Eager to learn more about the lives of his patients, Adam Possner began investigating industrial areas of Dundalk as a first-year resident. With the support of David Hellmann, vice dean and chair of medicine at Bayview, Possner organized the first Hopkins group tour at the steel mill at Sparrows Point two years ago.

Hellmann says such outings embody medical pioneer William Osler’s belief that “It is much more important to know what sort of patient has a disease than what sort of a disease a patient has.”

“Certainly one of the best ways to get to know the patient as a person is to visit where he or she works,” he points out.

Alicia Arbaje, a physician in geriatric medicine, says her experience at the terminal will help her understand the work history of elderly patients as well as the challenges faced by family caregivers employed there.

“Many of our patients depend on family help in taking medicines and getting to their appointments,” she says. “A caregiver’s work schedule may make me choose medicines that have less frequent doses during the day—or assess whether a patient needs other community services I can help obtain.”
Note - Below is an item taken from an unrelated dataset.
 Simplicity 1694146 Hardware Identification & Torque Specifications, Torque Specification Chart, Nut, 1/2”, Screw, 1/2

Gottlieb used his new knowledge recently when treating a 350-pound worker admitted to Bayview for “sky-high” blood pressure and heart failure. The 27-year-old man told him that he worked part-time driving cars on and off ships.
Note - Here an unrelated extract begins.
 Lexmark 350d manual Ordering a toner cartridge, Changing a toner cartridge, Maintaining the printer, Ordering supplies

“Oh, you mean the Ro-Ro ships?” Gottlieb asked, using port slang for the vessels that carry wheeled cargo.

“He gave me this big smile, like a kid who’d been recognized for doing something special,” the doctor recalls. Before long, they were discussing various aspects of his work and reasons behind the large amount of weight the patient had gained in only one year. The young man said that because of his low seniority in the union, he never knew when he’d be called in to work and that the lack of control over his schedule was stressful. He also told the doctor about other difficulties, such as snoring and fitful sleeping.

“We were able to have a very real, fluid conversation about things he wouldn’t ordinarily have mentioned to me,” Gottlieb says. “In  this case, he knew that I understood what he was all about.”